# Entries supplied

------------------------------------------------------------------------

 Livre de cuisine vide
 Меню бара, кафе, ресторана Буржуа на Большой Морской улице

------------------------------------------------------------------------

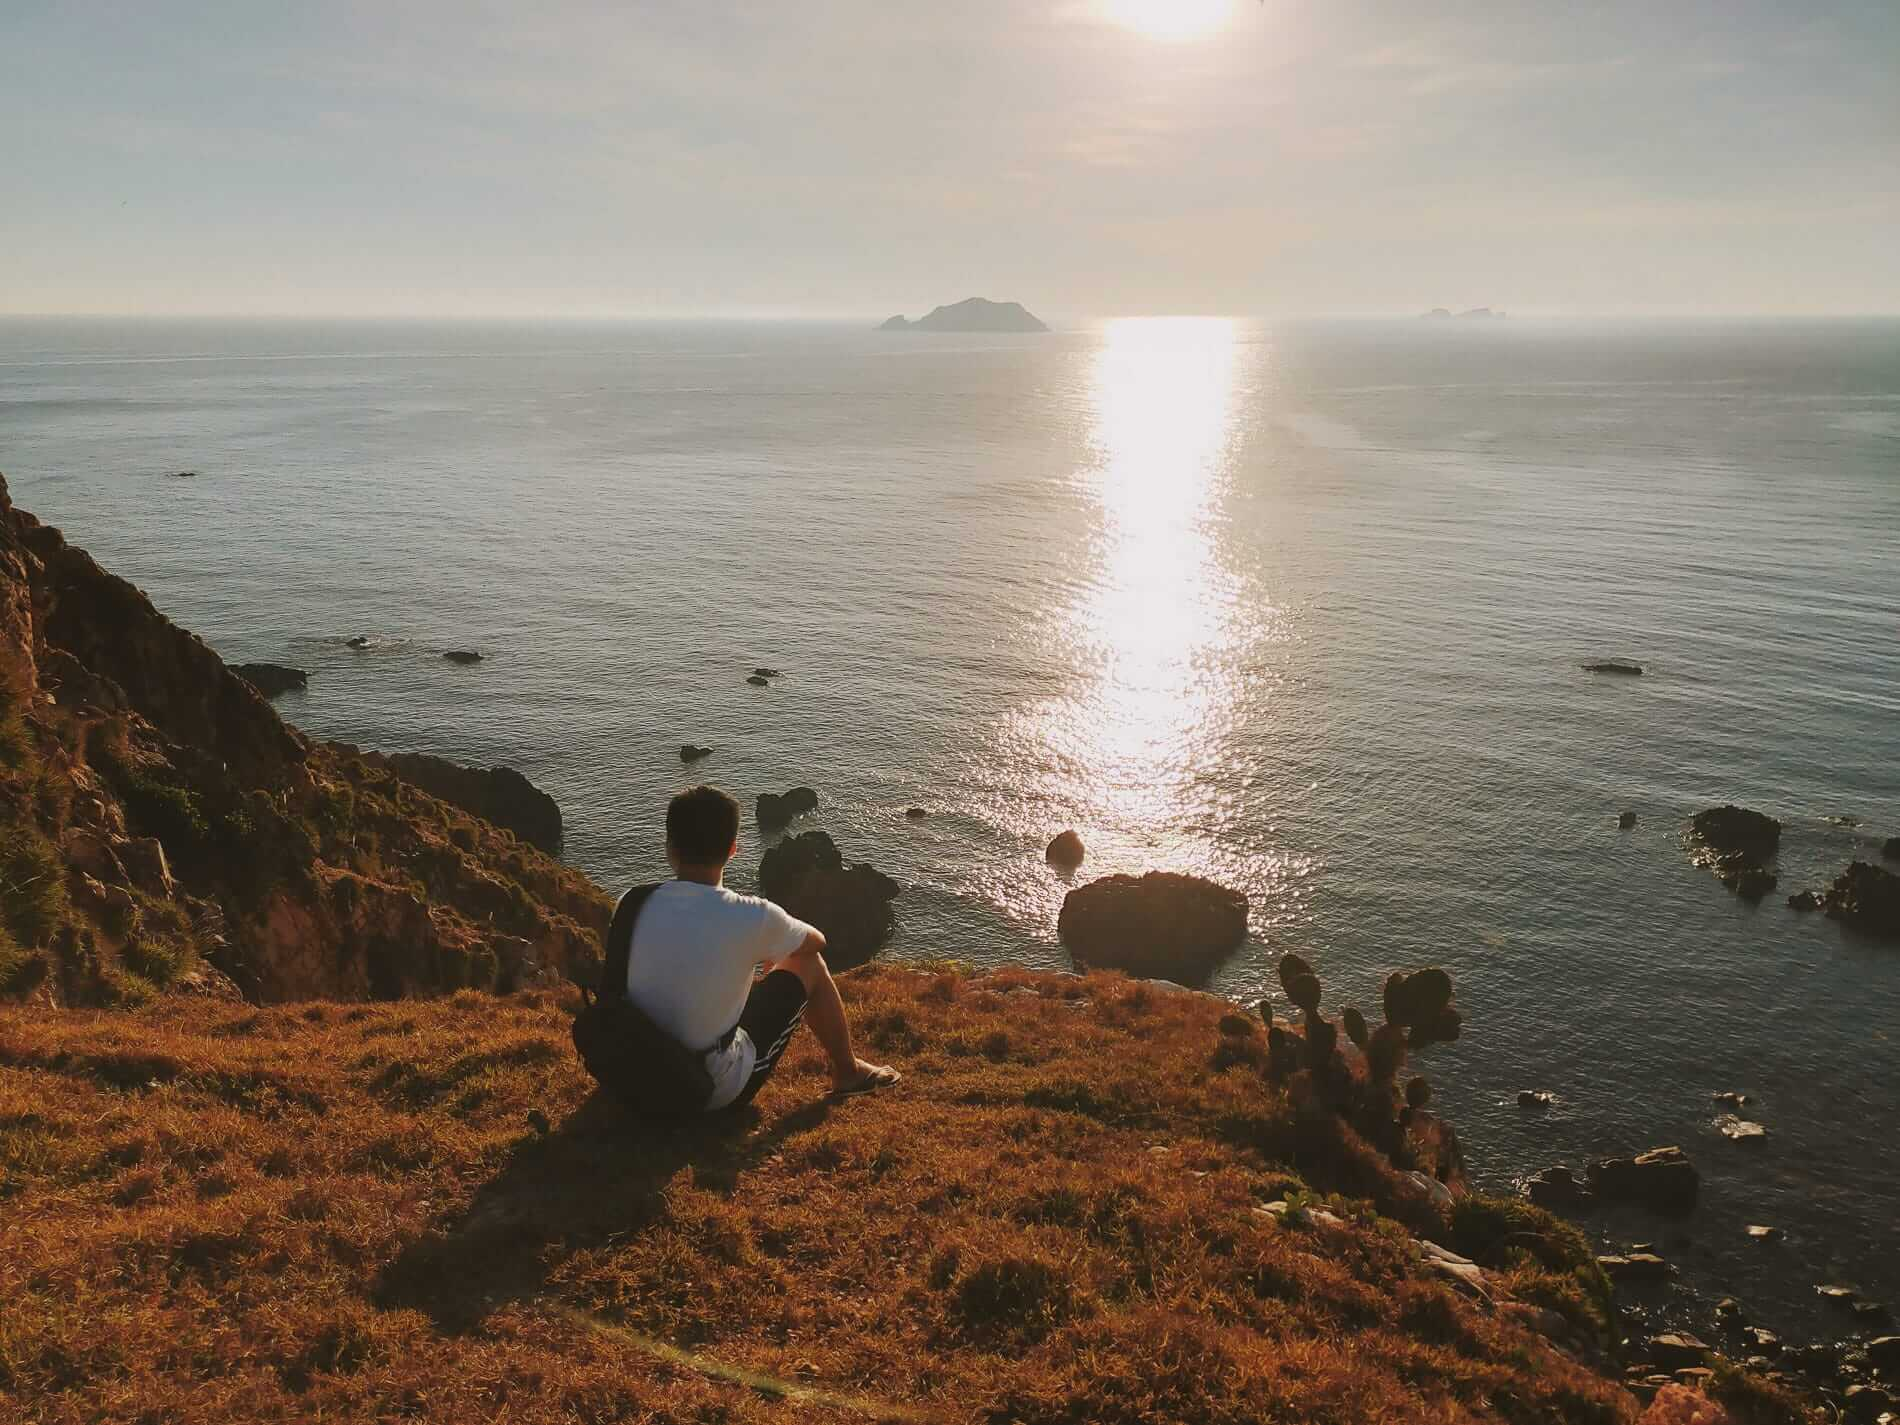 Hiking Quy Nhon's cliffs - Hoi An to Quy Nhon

------------------------------------------------------------------------

# Work instructions
Take the line above containing "Livre de cuisine vide", the line containing "Меню бара, кафе, ресторана", and all lines in between, and copy them exactly without anything else.

# Task solution
 Livre de cuisine vide
 Меню бара, кафе, ресторана Буржуа на Большой Морской улице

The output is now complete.